209 mv = self.store.create_model_version(name, source, run_id, tags, run_link, description)
File /local_disk0/.ephemeral_nfs/envs/pythonEnv-a56b0856-4b58-4270-93c1-f4e3d186cf4a/lib/python3.10/site-packages/mlflow/store/_unity_catalog/registry/rest_store.py:545, in UcModelRegistryStore.create_model_version(self, name, source, run_id, tags, run_link, description, local_model_path)
543 extra_headers = {_DATABRICKS_LINEAGE_ID_HEADER: header_base64}
544 full_name = get_full_name_from_sc(name, self.spark)
--> 545 with self._local_model_dir(source, local_model_path) as local_model_dir:
546 self._validate_model_signature(local_model_dir)
547 feature_deps = get_feature_dependencies(local_model_dir)
File /usr/lib/python3.10/contextlib.py:135, in _GeneratorContextManager.__enter__(self)
133 del self.args, self.kwds, self.func
134 try:
--> 135 return next(self.gen)
136 except StopIteration:
137 raise RuntimeError("generator didn't yield") from None
File /local_disk0/.ephemeral_nfs/envs/pythonEnv-a56b0856-4b58-4270-93c1-f4e3d186cf4a/lib/python3.10/site-packages/mlflow/store/_unity_catalog/registry/rest_store.py:487, in UcModelRegistryStore._local_model_dir(self, source, local_model_path)

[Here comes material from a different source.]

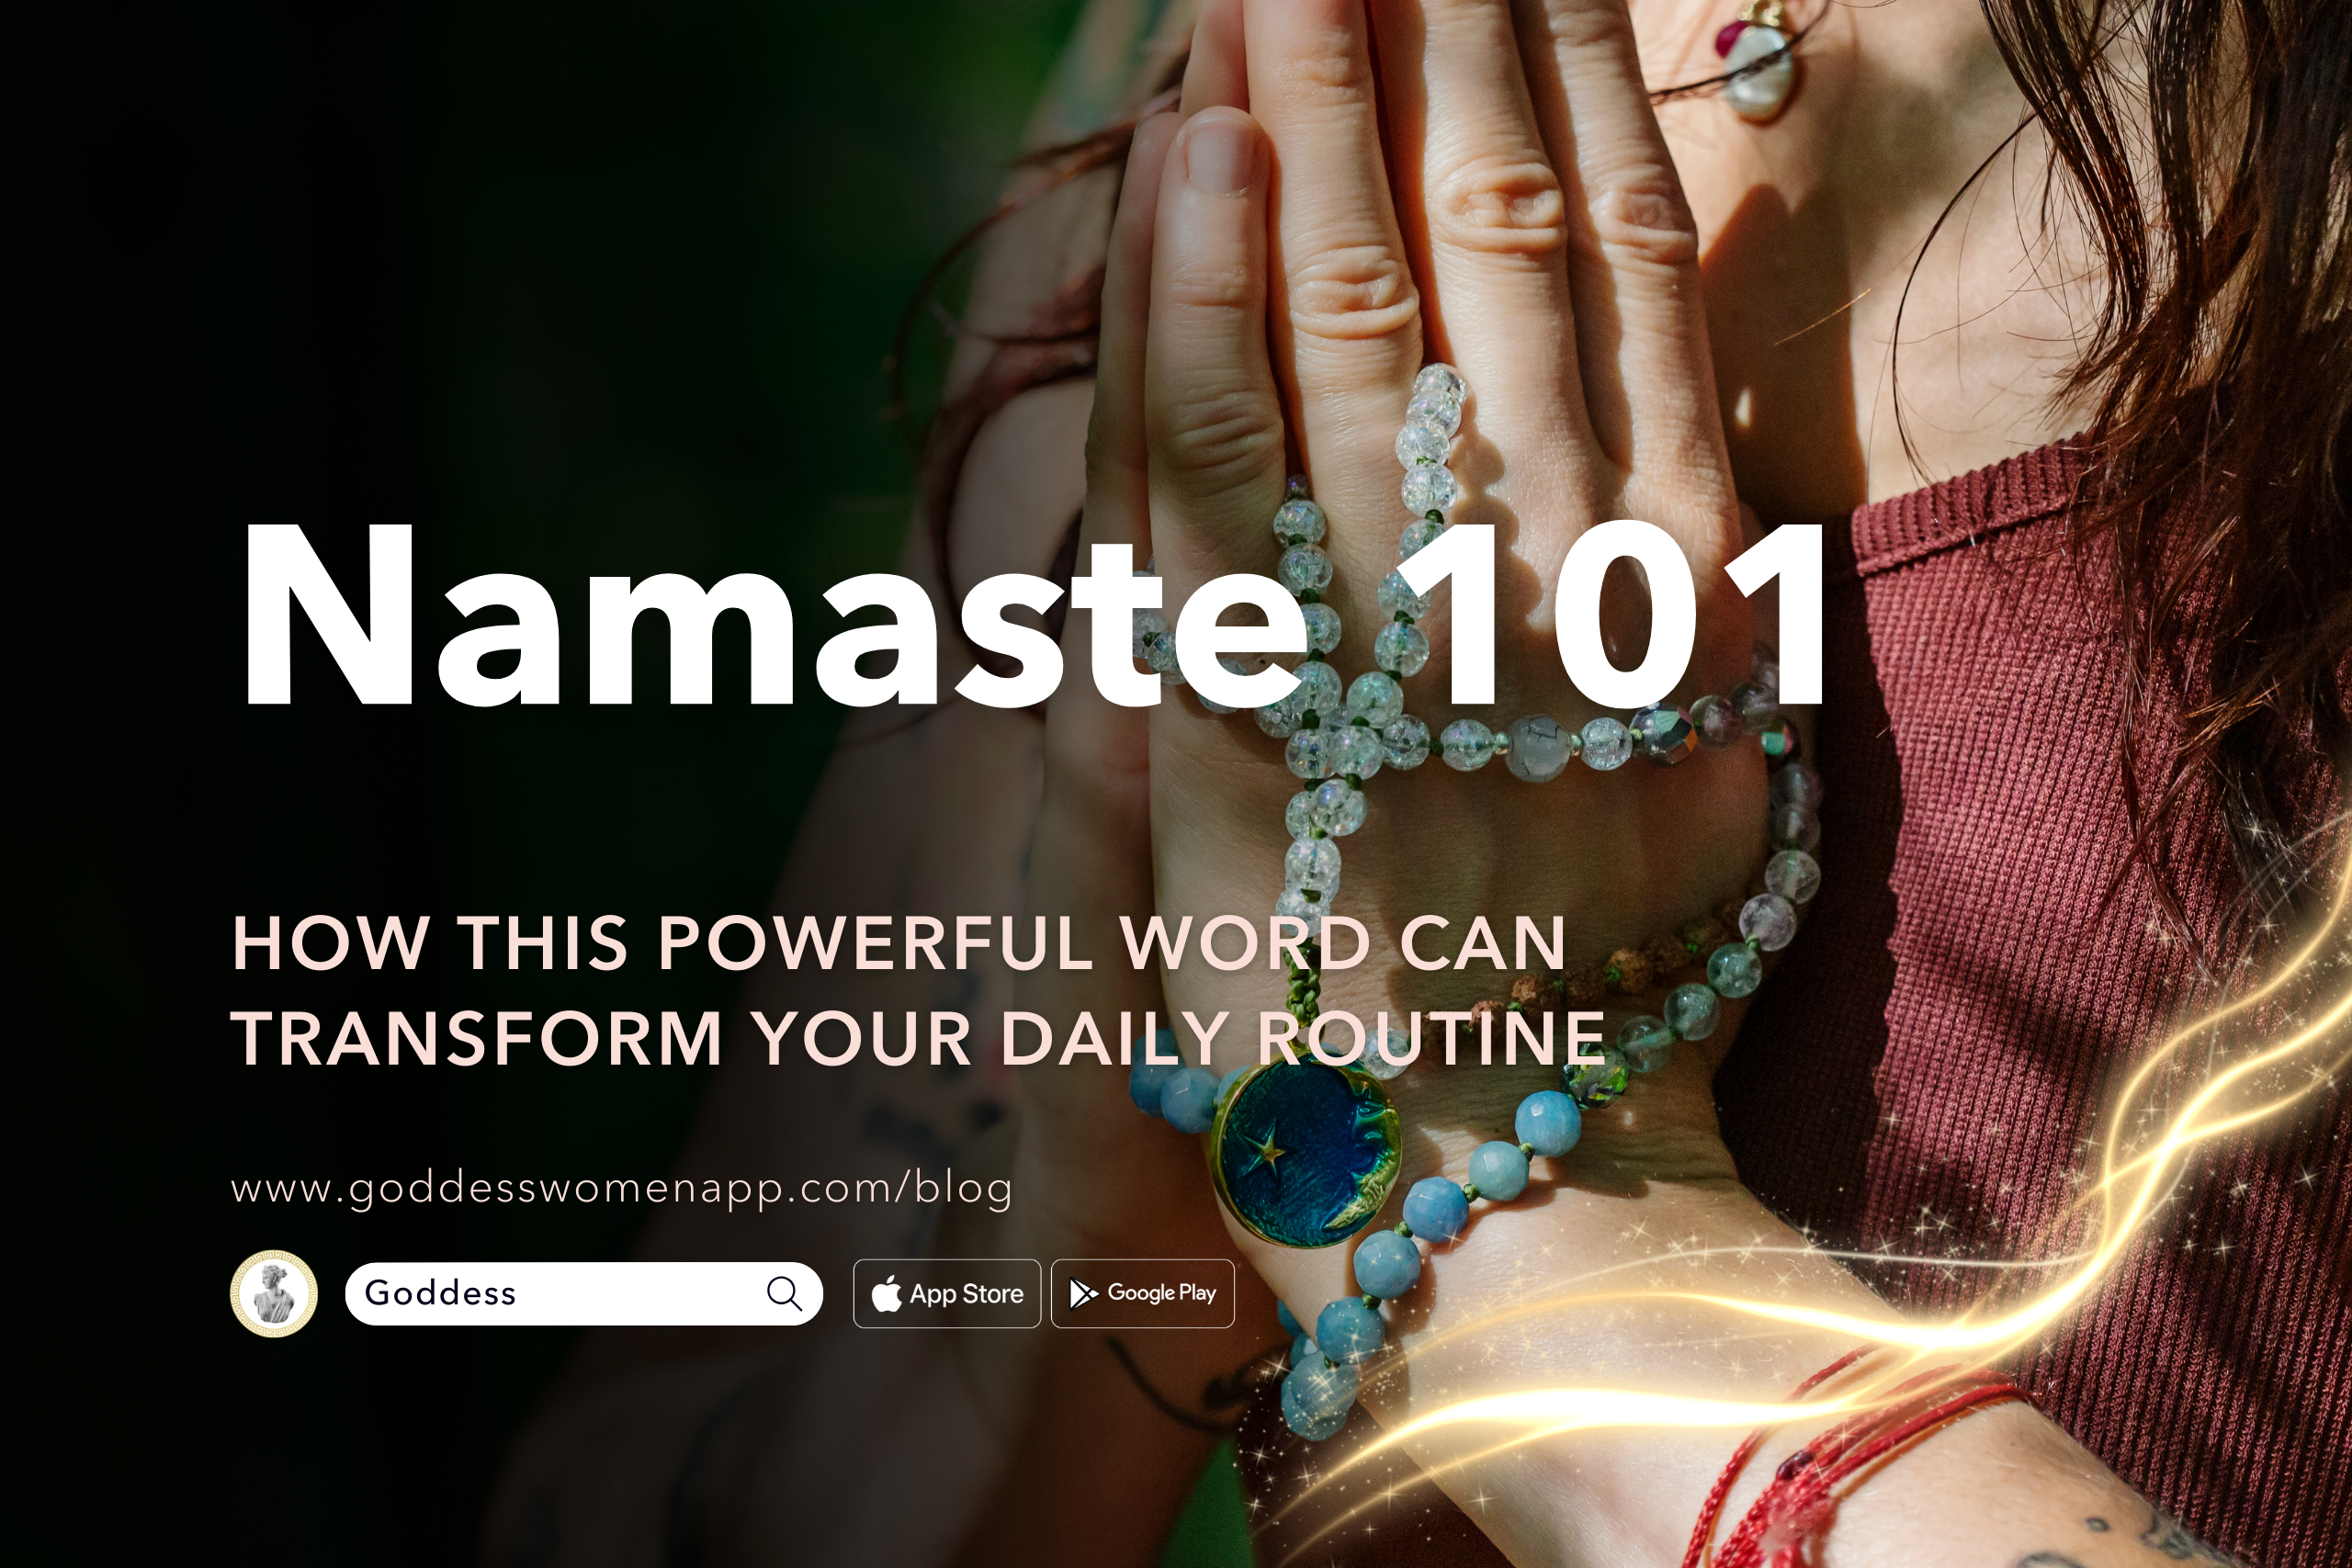 Namaste 101: How This Powerful Word Can Transform Your Daily Routine

483 local_model_dir = mlflow.artifacts.download_artifacts(
484 artifact_uri=source, tracking_uri=self.tracking_uri
485 )
486 except Exception as e:
--> 487 raise MlflowException(
488 f"Unable to download model artifacts from source artifact location "
489 f"'{source}' in order to upload them to Unity Catalog. Please ensure "

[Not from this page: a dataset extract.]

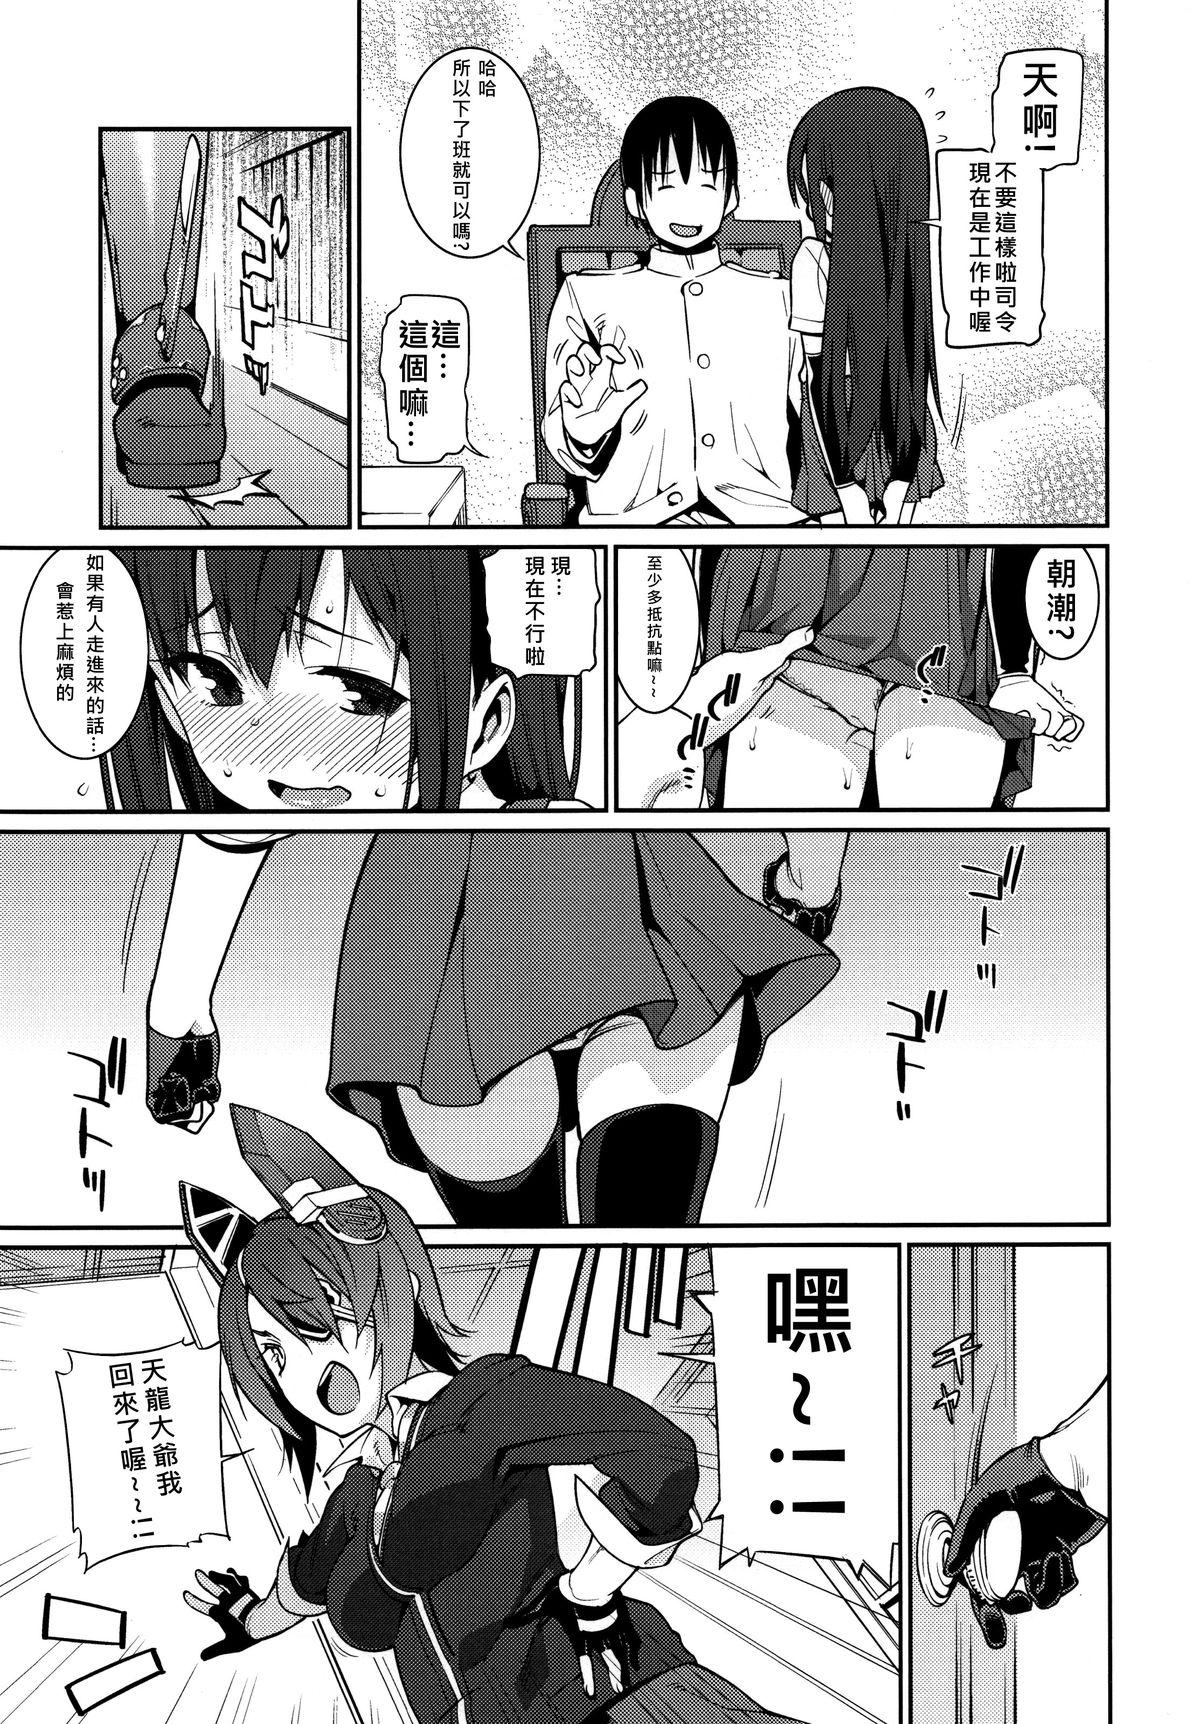 Com BRIEFINGS - Kantai collection Missionary Position Porn - Page 7

490 f"the source artifact location exists and that you can download from "
491 f"it via mlflow.artifacts.download_artifacts()"
492 ) from e
493 # Clean up temporary model directory at end of block. We assume a temporary
494 # model directory was created if the `source` is not a local path (must be downloaded
495 # from remote to a temporary directory)
496 yield local_model_dir
MlflowException: Unable to download model artifacts from source artifact location 'dbfs:/databricks/mlflow-tracking/2982154088058434/a1cecbee2f8441c09f3fbe5d7a7587ff/artifacts/model' in order to upload them to Unity Catalog. Please ensure the source artifact location exists and that you can download from it via mlflow.artifacts.download_artifacts()
When I open the DBFS file browser, I don't see any folder called 'databricks', so I decided to look through it with terminal commands. When I run %ls /dbfs/databricks/
I can see two directories: mlflow-registry
and mlflow-tracking
. When I run %ls /dbfs/databricks/mlflow-tracking/
or %ls /dbfs/databricks/mlflow-registry/
though I get this error: mount.err*
. Granted, I didn't try this with a Unity Catalog enabled cluster, but I don't think I need one to browse through DBFS. Also, at no point in the process do I mount a directory, but we are using Databricks through AWS, so that connection is probably where things are going wrong. I then tried using the full path straight from the error message: %ls /dbfs/databricks/mlflow-tracking/2982154088058434/a1cecbee2f8441c09f3fbe5d7a7587ff/artifacts/model
and I got the error: ls: cannot access '/dbfs/databricks/mlflow-tracking/2982154088058434/a1cecbee2f8441c09f3fbe5d7a7587ff/artifacts/model': No such file or directory
which suggests that perhaps the filepath actually does not exist after all! From here though I'm at a loss from what to do. I followed the Databricks example code located here and it worked, but for my model things get wonky. I am all out of ideas from where to go from here, so I'd really appreciate any and all tips.